Mycteria is a genus of large subtropical and tropical storks (Family Ciconiidae) with representatives in the Americas, east Africa, and southern and southeastern Asia. Two species have "ibis" in their scientific or old common names, but they are not related to these birds, and merely resemble some bald-headed ibises.
Mycteria spp. are large birds, typically around 90–100 cm in length with a 150 cm wingspan. The body plumage is mainly white in all the species, with black in the flight feathers of the wings. The Old World species have bright yellow bills, red or yellow bare facial skin, and red legs; these parts are much duller in the American wood stork. Juvenile Mycteria storks are duller versions of the adults, generally browner and with paler bills.
These storks are gregarious broad-winged soaring birds that fly with the neck outstretched and legs extended. Mycteria spp. are resident breeders in lowland wetlands where they build large stick nests in trees.

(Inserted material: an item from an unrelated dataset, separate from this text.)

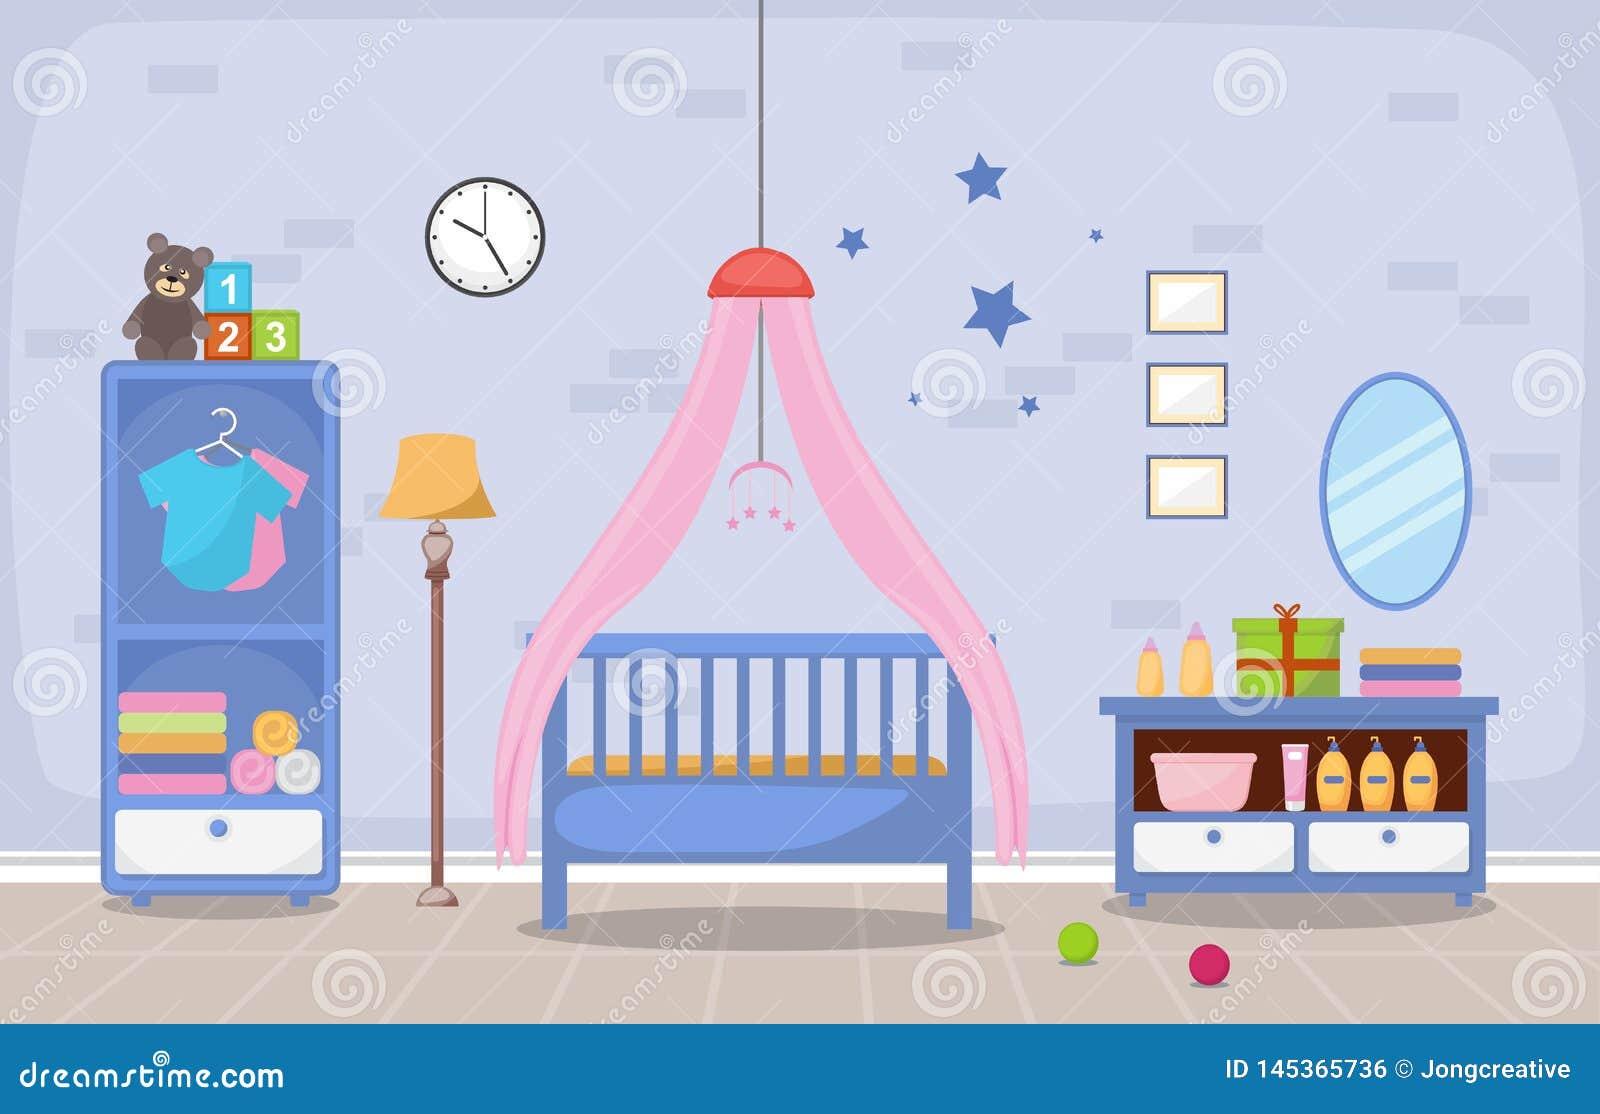 Image of: Baby Toddler Children Bedroom Interior Room Furniture Flat Design Stock Vector Illustration Of Netting Chair 145365736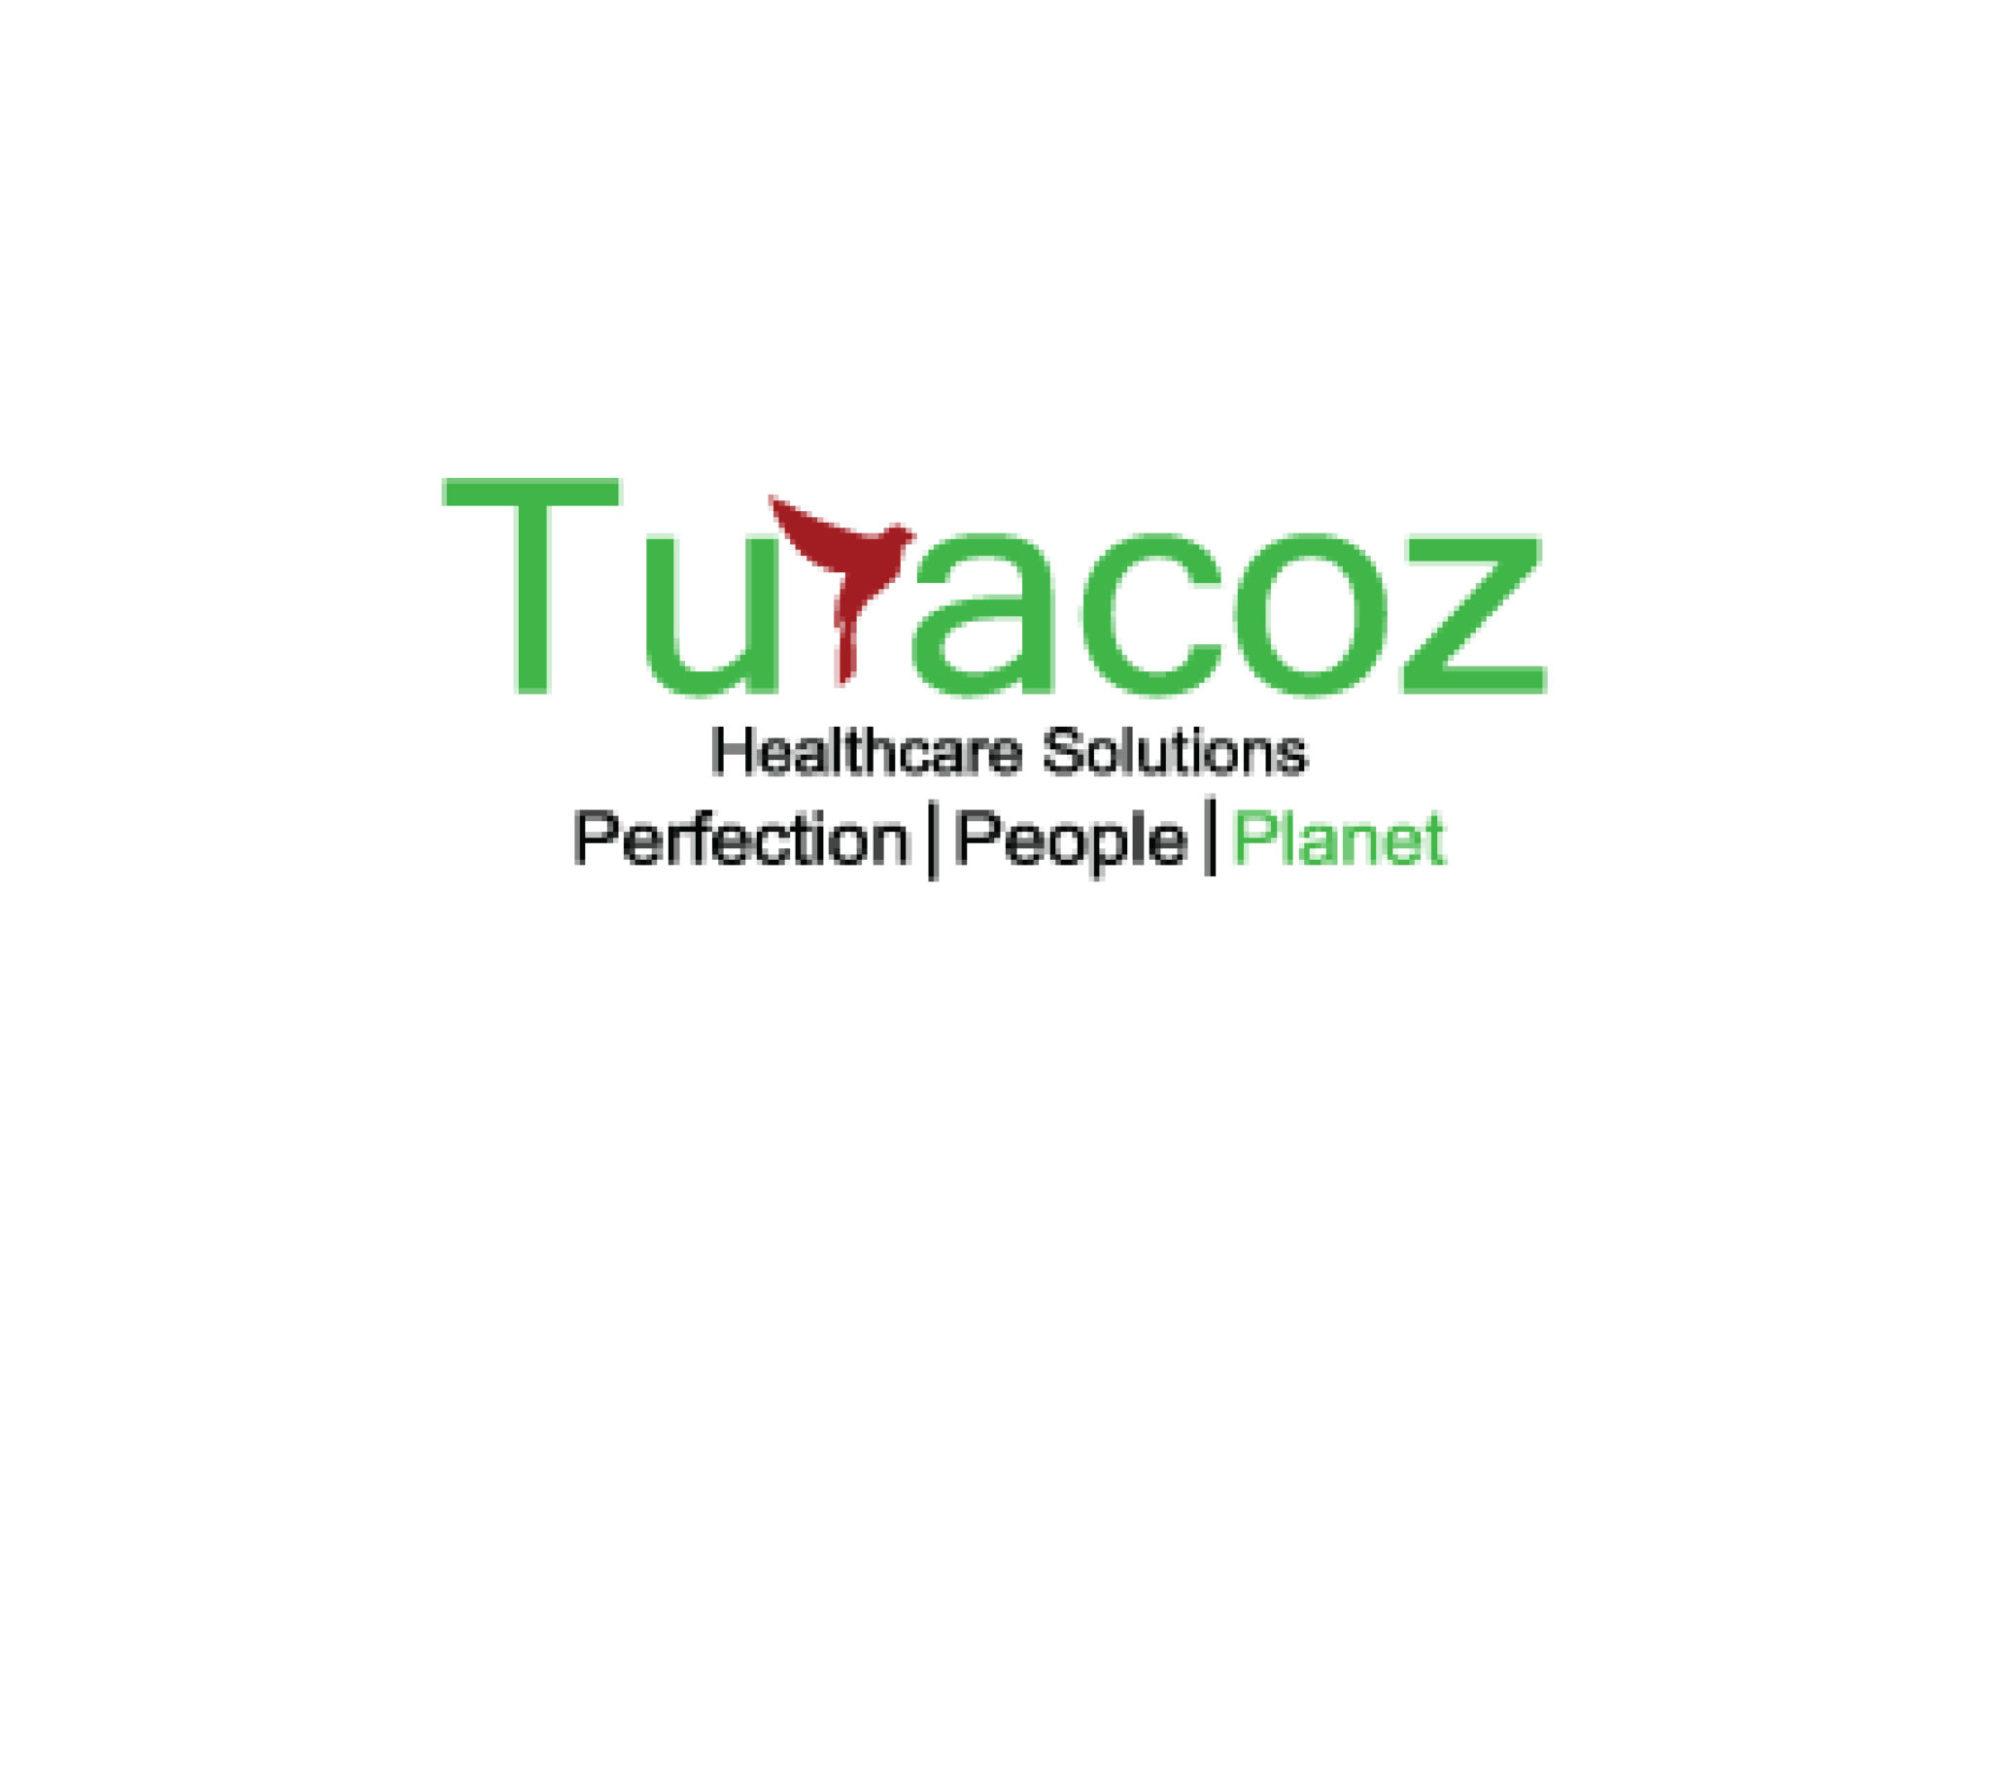 Turacoz

Most species of Mycteria are diurnal, except for M. americana, which may be nocturnal.[1]
Mycteria storks walk slowly and steadily in shallow open wetlands seeking their prey, which, like that of most of their relatives, consists of fish, frogs and large insects.
The genus Mycteria inhabits subtropical and tropical regions. M. americana is distributed throughout the Americas, from the southeastern United States to northern Argentina. M. ibis lives in tropical Africa. M. leucocephala is present in eastern Pakistan and India to Vietnam. M. cinerea lives in Southeast Asia, from Cambodia and Vietnam to Sumatra and Java.[2]
The genus Mycteria was introduced in 1758 by the Swedish naturalist Carl Linnaeus in the tenth edition of his Systema Naturae for the wood stork (Mycteria americana), the type species.[3] [4] The genus name is from the Ancient Greek μυκτηρ/muktēr meaning "snout" or "nose".[5]
The genus contains four species.[6]
Two prehistoric relatives of the wood stork have been described from fossils:
The latter seems to have been a larger sister species of the wood stork, which it replaced in prehistoric North America.
Late Miocene tarsometatarsus fragments (Ituzaingó Formation at Paraná, Argentina) are somewhat similar to Mycteria but still distinct enough to be probably a distinct genus, especially considering their age. A Late Pleistocene distal radius from San Josecito Cavern (Mexico) may belong in this genus or in Ciconia. A "ciconiiform" fossil fragment from the Touro Passo Formation found at Arroio Touro Passo (Rio Grande do Sul, Brazil) might be of the living species M. americana; it is at most of Late Pleistocene age, a few ten thousands of years.